Cómo todo lo que escribo de Free! es para mi Andy-nee! Ti amokoto pishosha!

Carol eres una bella... Splurt xDD

Disclaimer: Free! no me pertenece es de Koji Oji y KyoAni :v


Corrí lo más rápido que pude mirando lado a lado por los pasillos y jardines de esa enorme escuela. Ni rastro había de Haru, hasta que detrás de una jardinera una cabellera azabache se asomaba, ahí estaba. Se abrazaba a sí mismo con las rodillas pegadas al pecho. Algo en mi interior se estremeció al verlo así.

-Haru ¿Qué pasó?- al escuchar mi voz dio un respingo, sus hermosos ojos azules me miraron y cómo siempre, fueron un libro abierto para mí. Había tanto dolor en ellos, pensé que después de saber los sentimientos de Rin el me odiaría pero odio era lo último que podía ver en su mirada. Me senté a su lado.

-Él… ama a alguien más- la respuesta me pareció la mejor que pudo dar, simplemente Haru no era de los que se complicaba en una explicación. Dijo lo necesario, aun si no supiera lo que realmente pasó, le hubiera creído. De hecho, yo no lograba asimilar que algo de lo que me sentía 100% seguro no fuera así e incluso qué me involucraran a mí en todo eso. Sentí molestia, si Rin no quería a Haru simplemente se lo hubiera dicho, inventar semejante mentira cómo esa de estar enamorado de mi era terrible.

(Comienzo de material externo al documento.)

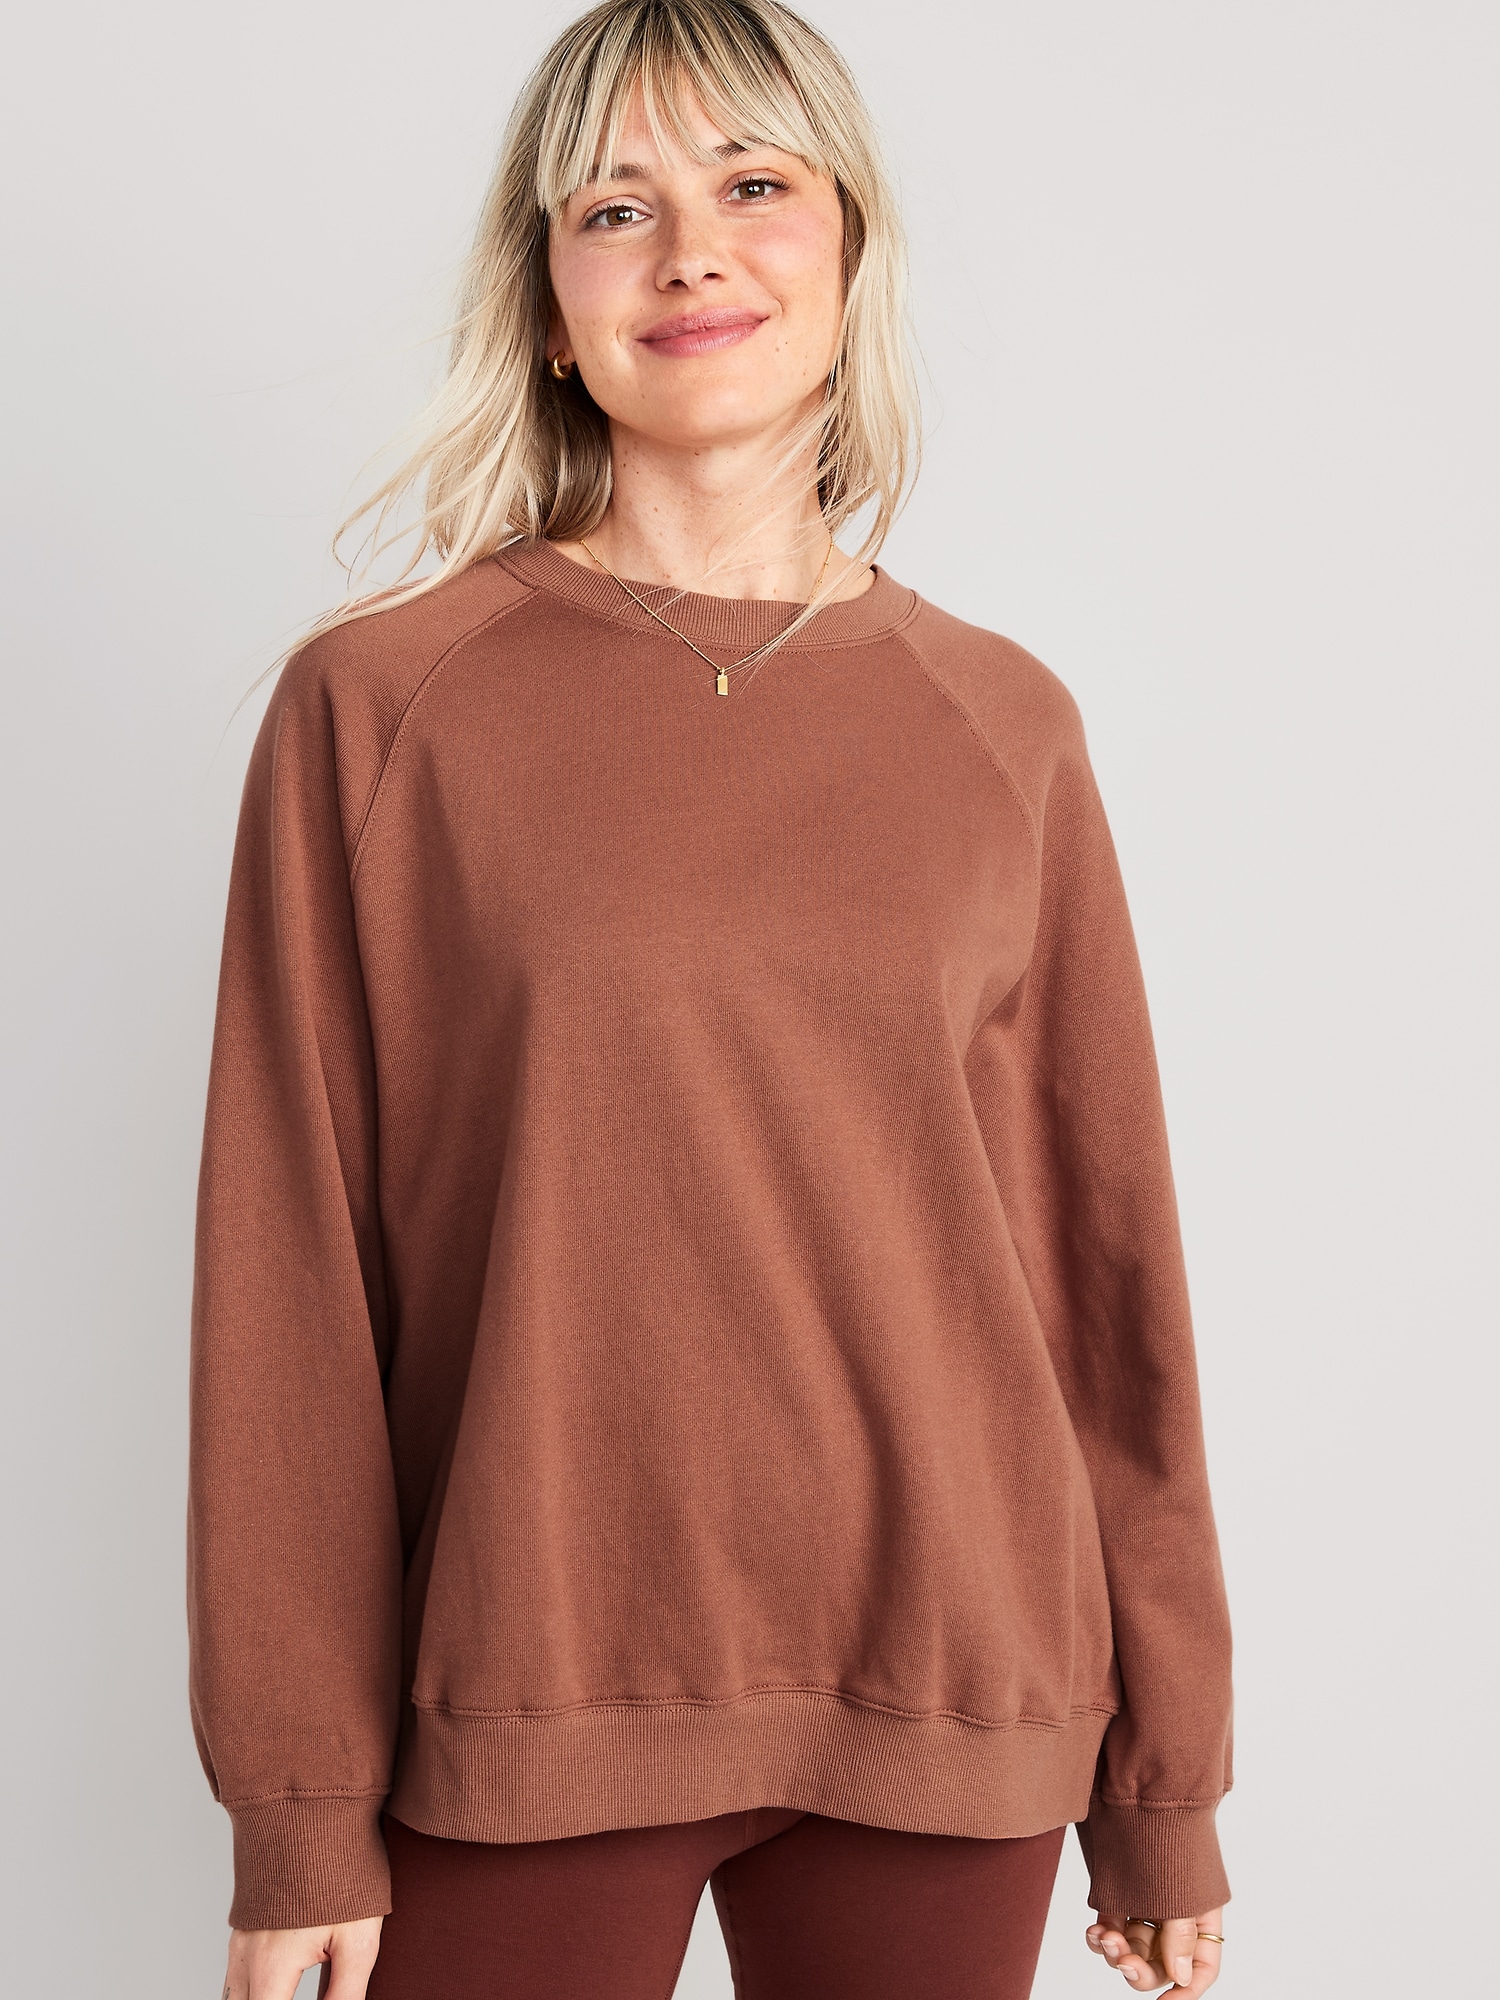 Oversized Vintage Tunic Sweatshirt for Women

-A veces esas cosas pasan Haru-chan, en el corazón no se manda y lo sabemos- el océano de sus ojos parecía haber entrado en tormenta y lo único que atiné hacer fue abrazarlo, los sollozos no tardaron. Haru casi nunca lloraba, era tan reservado con sus sentimientos pero esta vez dejó salir el dolor de su alma en pequeñas gotas saladas que resbalaban por sus mejillas. Como tantas veces, lo qué pasaran me afectaba a mí porque su dolor era mi dolor.

Los días posteriores transcurrieron sin mayor relevancia, seguimos en las prácticas del club y Haru parecía repuesto, nadie se ha muerto de amor. El y yo seguíamos vivos. Las heridas se nos cicatrizaban con el tiempo. Todo marchaba tan tranquilo, pero el segundo golpe a su estado emocional estaba por venir, arrastrándome a mí en el proceso.

Salíamos todos juntos hacia la estación donde despediríamos por ese día a Nagisa y Rei cuando Rin se plantó frente a nosotros, con la mirada seria y determinada.

-Haru, necesito hablar contigo un momento. Es importante- Haru volteó a mirarme, cómo pidiendo que no lo dejara ir. De la misma forma quise decirle que debía enfrentarlo aunque le doliera. Lo miró unos segundos, después accedió.

-Vamos- Haru estaba por caminar hacia donde Rin le dijera pero este no se movió.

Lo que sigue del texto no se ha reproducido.